Outro ponto salientado pelo professor trata da possibilidade de se trabalhar o tema em várias áreas do conhecimento. “De certa forma, o conteúdo de neurociência até está mesclado em algumas disciplinas escolares, como a Biologia. Contudo, pode ser trabalhada também no ensino de Linguagens, de Matemática (cognição e lógica), na parte de Artes (criatividade e imaginação), por exemplo”.

Neurociência e educação fora da escola

A ideia de expandir a abordagem do tema para as diversas áreas de conhecimento reflete outra preocupação do pesquisador: a importância de que a relação entre neurociência e educação extrapole os limites escolares e atinja a toda a sociedade.

“Pensa-se muito a educação apenas na criança, na escola. Mas, na verdade, aprendemos a vida inteira. O processo de ensino-aprendizagem está inserido na sociedade. Assim, é urgente a conscientização pública sobre a importância da neurociência, que a sociedade a veja como importante para ela mesma e para a escola”, aponta.

[Entrevista] ‘Pessoas bem informadas tendem a cometer menos erros de juízo’

Entrevista com Alfred Sholl Franco para o portal ComCiência, em 09 de março de 2019, na qual são abordados os temas: comunicação científica, neurociências, educação e envelhecimento saudável. A entrevista intitulada “Alfred Sholl: ‘Pessoas bem informadas tendem a cometer menos erros de juízo’“, foi realizada por Luanne Caires. A seguir trechos da entrevista:

O termo neurociências abrange diferentes ciências, com amplas abordagens. O que caracteriza a base comum de todas elas?

No caso das neurociências, a base comum é o foco no sistema nervoso, e há uma busca das diferentes áreas para demarcarem suas prioridades. Isso não quer dizer que uma área é mais importante do que a outra, mas as visões são sempre direcionadas, dependem do histórico e da formação de quem organiza o grupo de pesquisa. (…) Neurociência é um termo abrangente e sujeito a muitos questionamentos. Uma boa maneira de perceber isso é quando uma pessoa se diz neurocientista. É difícil saber exatamente com o que ela trabalha. Eu, por exemplo, coordeno o Núcleo de Estudos em Neurociências e Educação (Neuroeduc). Nele há profissionais e estudantes de fonoaudiologia, educação física, matemática, psicologia, biomedicina. A premissa é um trabalho multidisciplinar e transdisciplinar, que também caracteriza vários outros grupos da área no Brasil, como o Neuroeduca, na Universidade Federal do Rio Grande do Sul, e o Instituto do Cérebro, no Rio Grande do Norte.”

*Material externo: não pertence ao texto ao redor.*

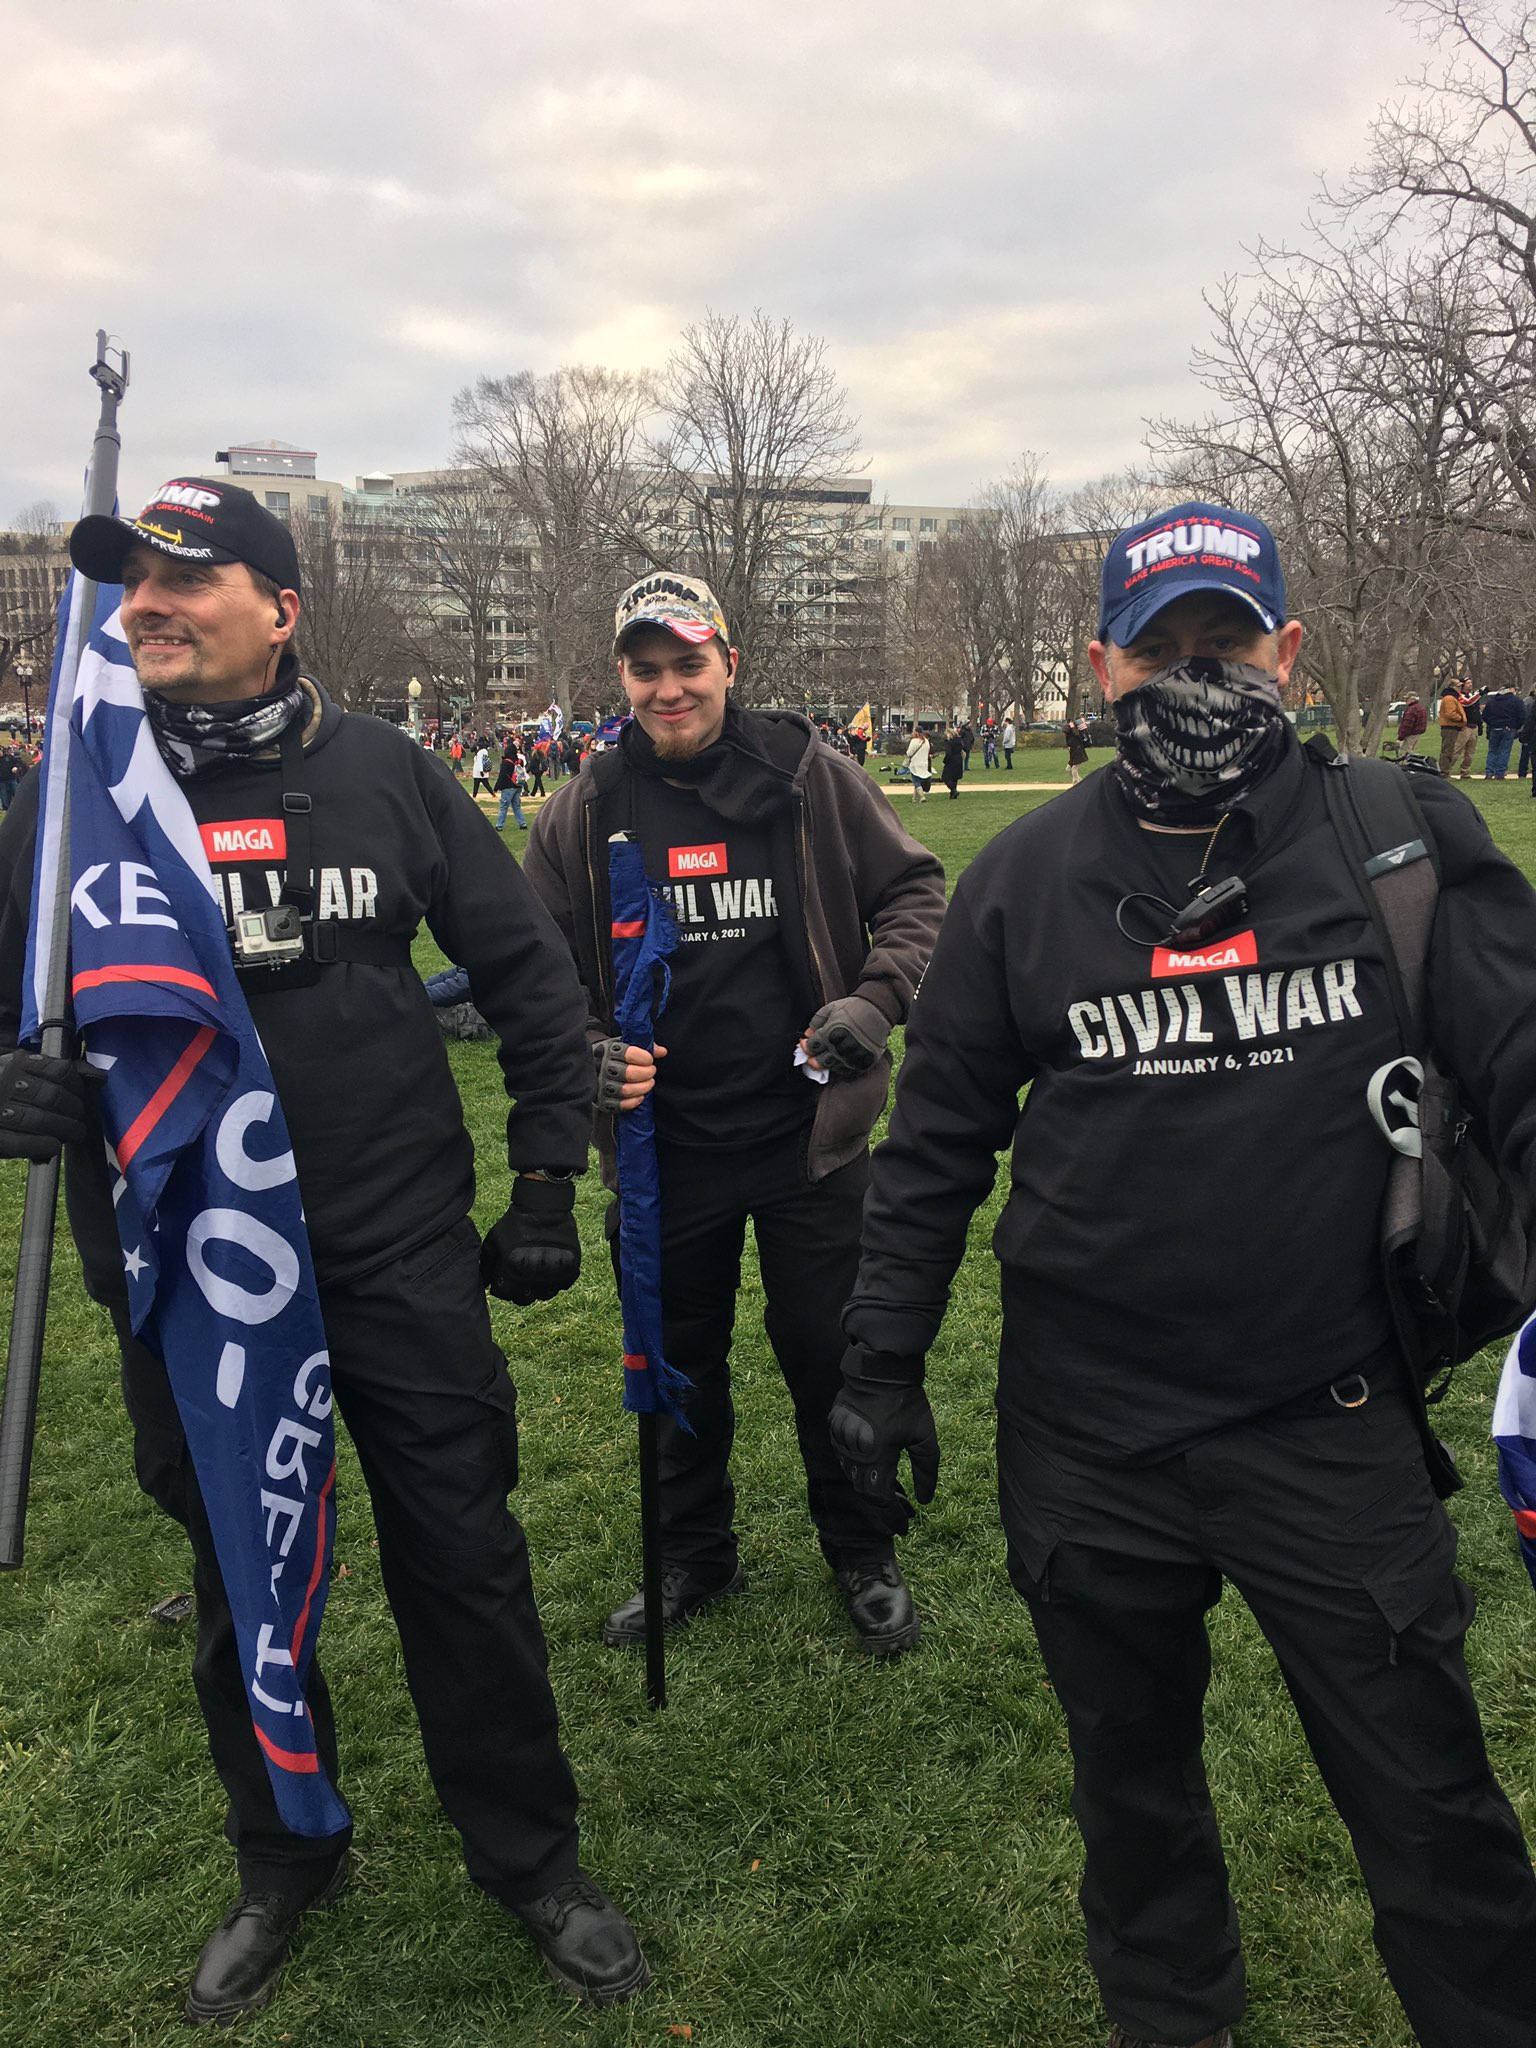 Trump terrorists wearing MAGA civil war sweatshirts

O termo neuro ganhou muito glamour nos últimos anos e praticamente qualquer conteúdo associado às neurociências chama a atenção. Não é difícil entender o fascínio pelo nosso cérebro, mas a “glamourização” das neurociências tem riscos. Como lidar com isso?

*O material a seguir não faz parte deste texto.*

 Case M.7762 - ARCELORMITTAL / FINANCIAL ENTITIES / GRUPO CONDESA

As pessoas colocam o prefixo neuro(-) em tudo. (…) O maior remédio para essa glamourização é a informação. As pessoas precisam saber onde conseguir informações corretas e confiáveis. Não adianta ler o blog de qualquer um. Vá ao site de universidades, fontes oficiais, institucionais. E, se for um pesquisador, procure o currículo. A plataforma Lattes, por exemplo, é uma fonte confiável de currículos.

(…)

Divulgar é importante porque pessoas bem informadas tendem a cometer menos erros de juízos, menos erros de interpretação e, portanto, serão avaliadoras melhores das necessidades da sociedade e ajudarão a tecer políticas públicas. É isso que tentamos fazer com o núcleo Ciências e Cognição, na UFRJ: investir em novos ramos para promover conscientização pública. De modo geral, as neurociências têm caminhado bastante em promover divulgação científica. Uma boa iniciativa aqui no Brasil é a Semana do Cérebro. Começamos há dez anos e há oito ela é nacional, ajudando a estimular mais ainda o processo de alfabetização científica da população.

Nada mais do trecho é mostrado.